The Welsh Girl

by Peter Ho Davies

Sunday, August 12, 2007

Featured image for The Welsh Girl

This was a great book that I raced through and couldn’t put down. I’ve read about a hundred good reviews of it and no one seems to have a bad word to say about it - at this point I would be disappointed if it doesn’t at least make the shortlist. It’s the third book I’ve read from this year’s longlist, and so far it’s my favourite.

The setting is the end of the second world war, the location is a small remote village in Wales and the central character is really Esther, the Welsh girl of the title. Esther’s holding the small family farm together, looking after her father and a wayward Liverpudlian evacuee, and being romanced by an English soldier. A lot of the narrative takes place in the mind of a German prisoner of war held nearby.

There is also a second story in the book involving Rudolf Hess and one of his interrogators who seem to be in Wales at the same time. There’s not much in this book that you could call weak, but I did find myself wondering why the book had started with this story and then moved away to the story centred on Esther. The first story does become relevant and the ending ties together very nicely, but I did feel that this thread of the book was left hanging in the air for a long time. That was pretty much the only negative thing I can think of to say though.
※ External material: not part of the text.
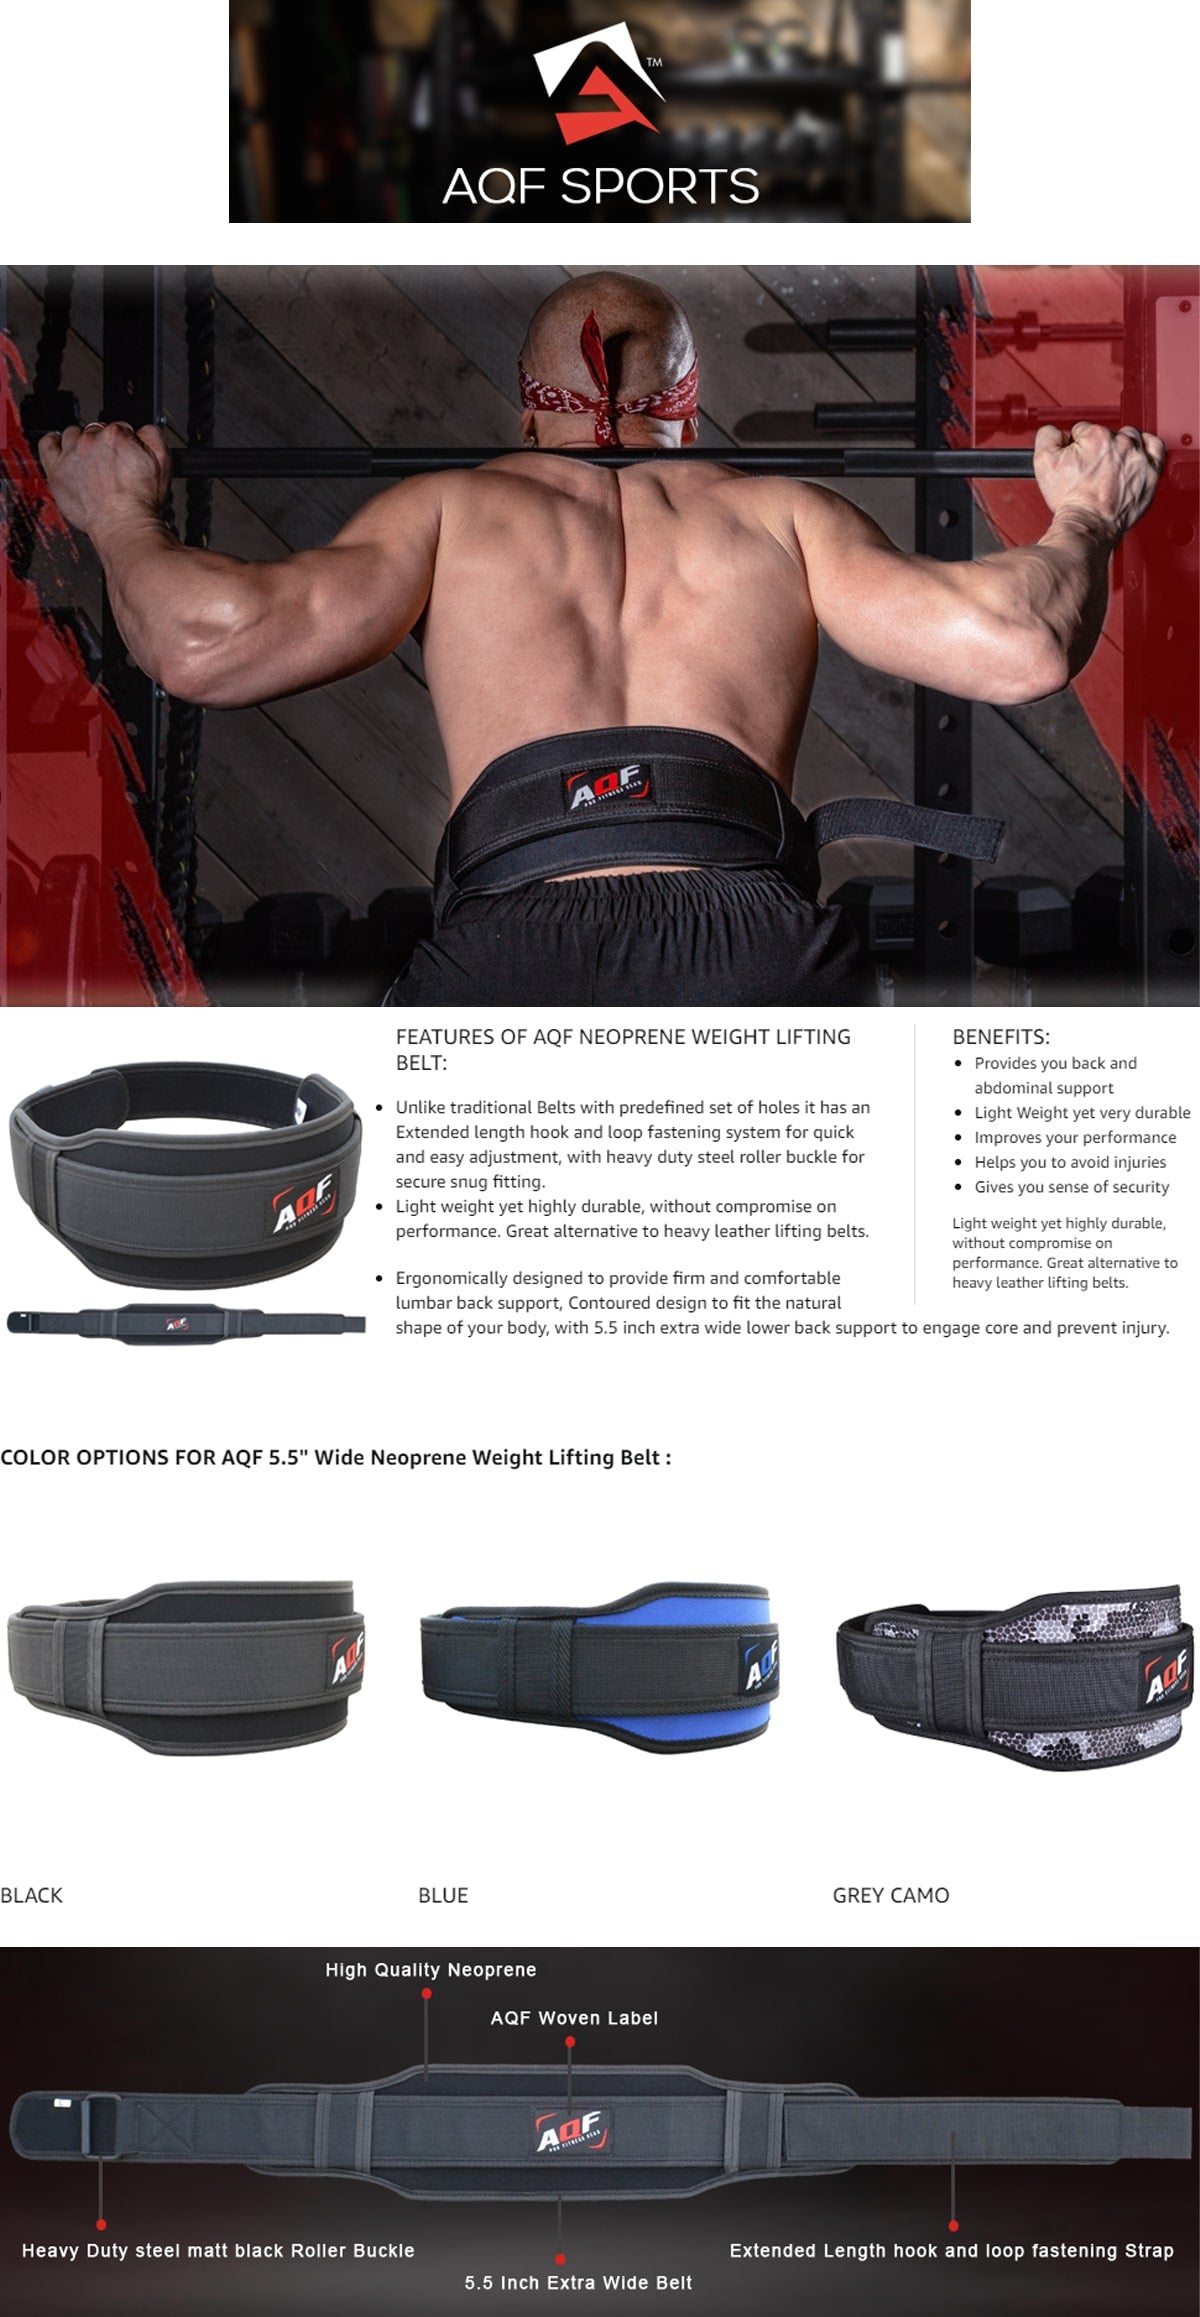 Features of Neoprene Weightlifting Belt

This is also a first novel (Ho Davies has published short story collections before) and on the basis of how well written and enjoyable it was I’m very much hoping he can keep up the quality and provide me with great books for years to come. If I were the Booker Prize committee I’d worry about what happens if he gets given the Booker at the first attempt and then proceeds to produce fabulous novels over the next few decades. Good problem to have I guess!